Top of Source data

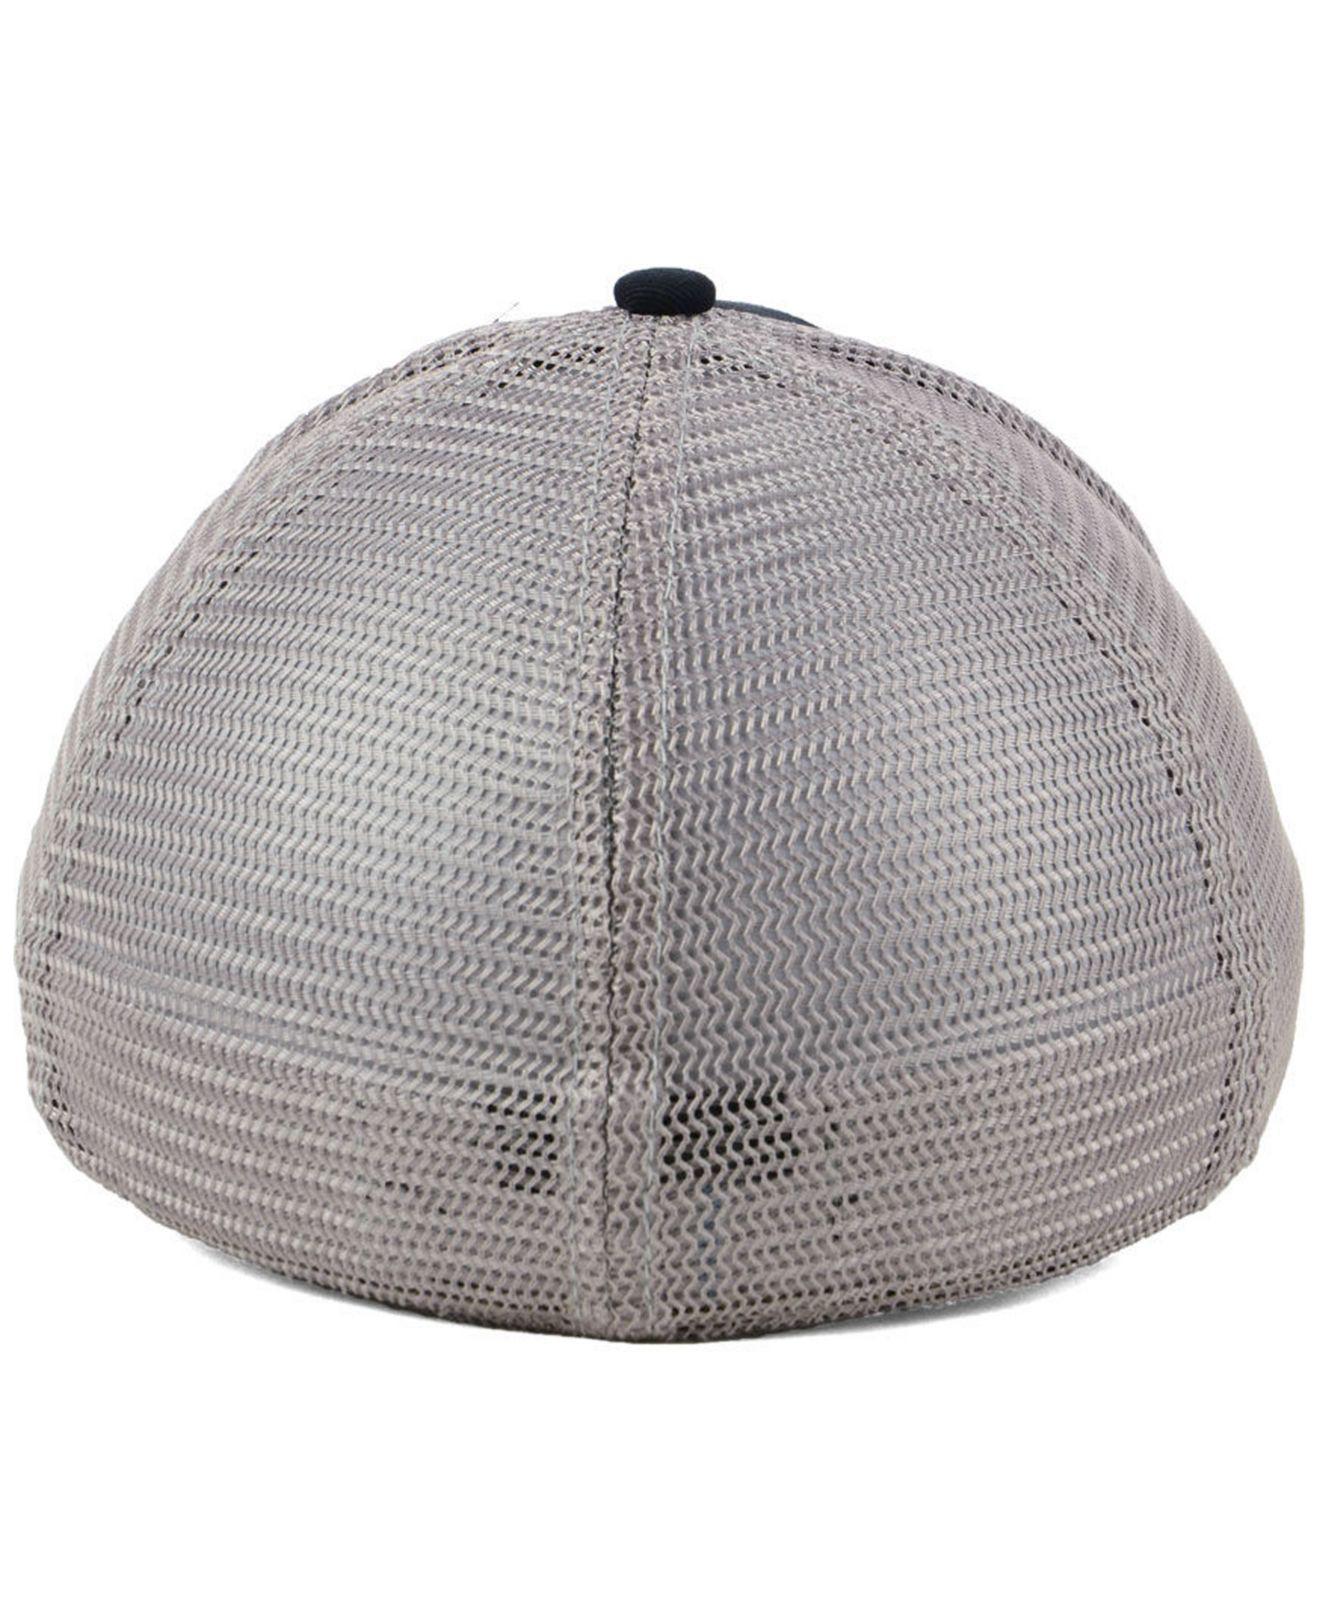 detailed look 0a6dc db883 ... shopping adidas black los angeles football club mesh flex cap for men  lyst. view fullscreen
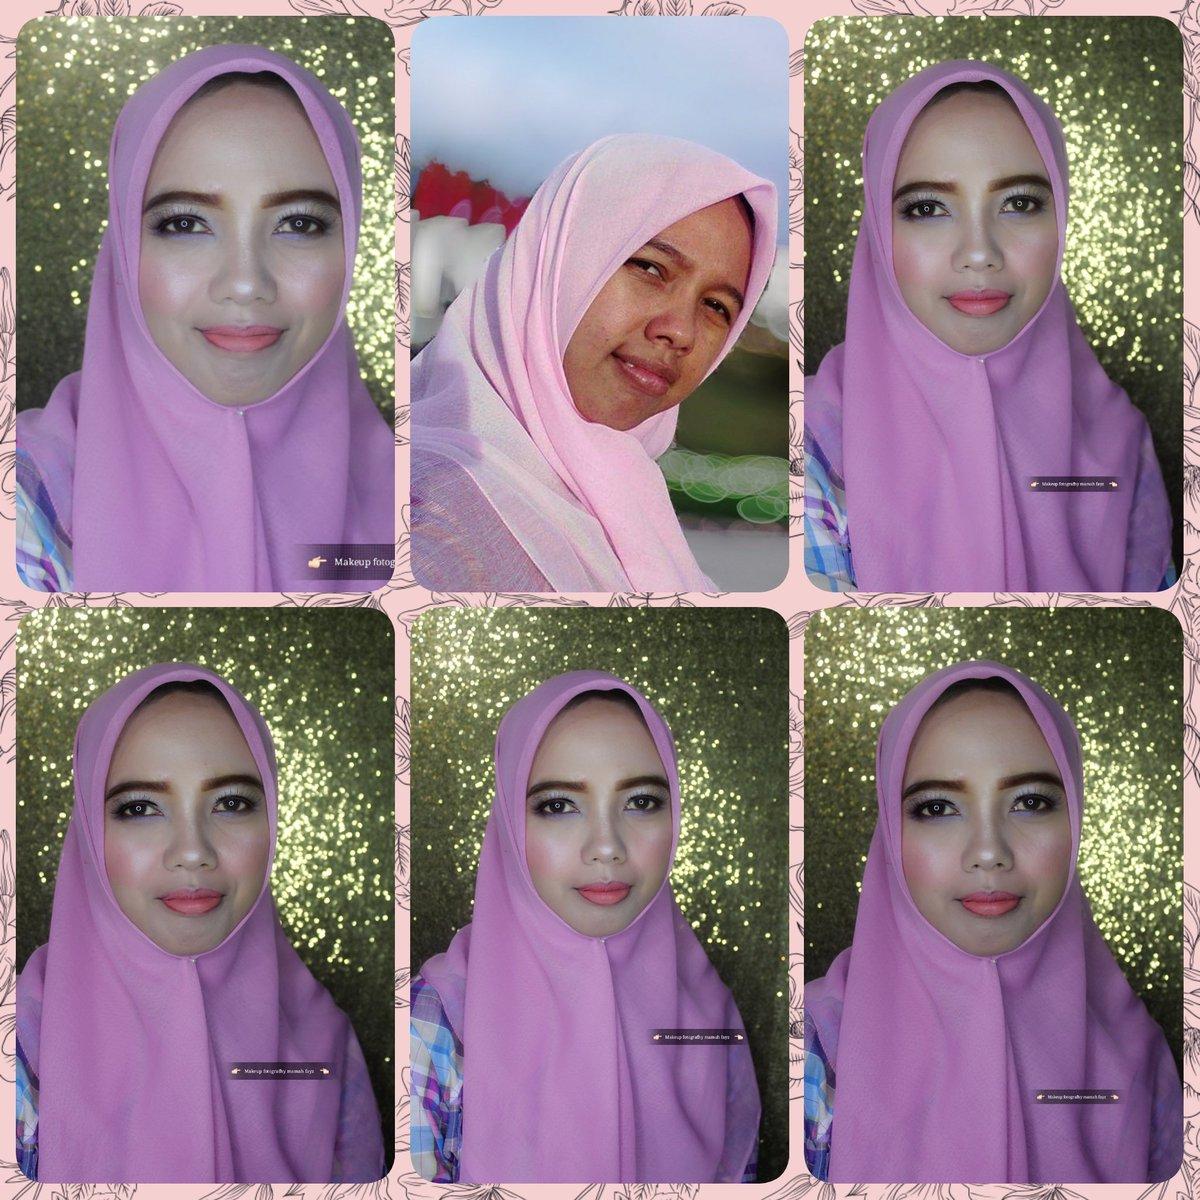 Makeup fotografhy mamah fayz 💄💄#prewedding #riaspengantinlamandau #riaslamandau #riaspengantin #riaspesta #riasfashion #riasfashionshow #riaskondangan #riasperpisahan #hijabmoderen #hijabpengantin #hijabmuslimah #hijabfashion #hijabpesta #lamandau #nangabulik #kalteng https://t.co/NMYtmzPB8D
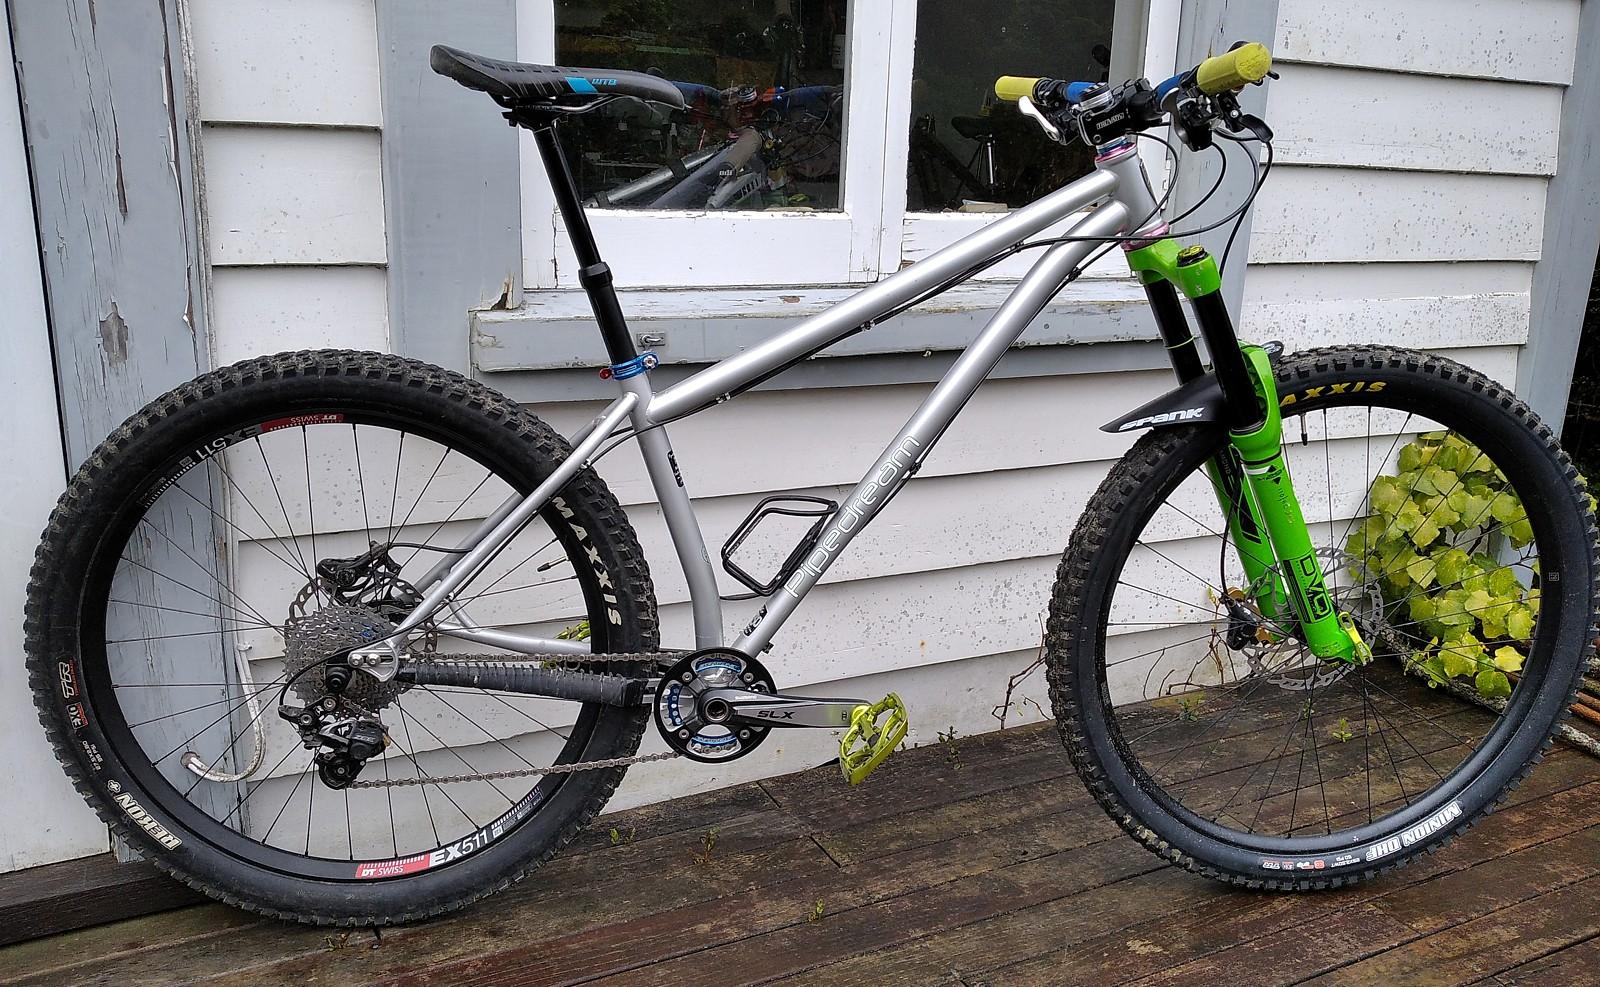 Pipedream Moxie v1 mullet  - Velocipedestrian - Mountain Biking Pictures - Vital MTB

Bottom of Source data

What is required
Here the job is to quote the lines from the one with "Makeup fotografhy mamah" through the end of the material, both included, exactly; please skip the pictures.

Solution to this task
 Makeup fotografhy mamah fayz 💄💄#prewedding #riaspengantinlamandau #riaslamandau #riaspengantin #riaspesta #riasfashion #riasfashionshow #riaskondangan #riasperpisahan #hijabmoderen #hijabpengantin #hijabmuslimah #hijabfashion #hijabpesta #lamandau #nangabulik #kalteng https://t.co/NMYtmzPB8D
 Pipedream Moxie v1 mullet  - Velocipedestrian - Mountain Biking Pictures - Vital MTB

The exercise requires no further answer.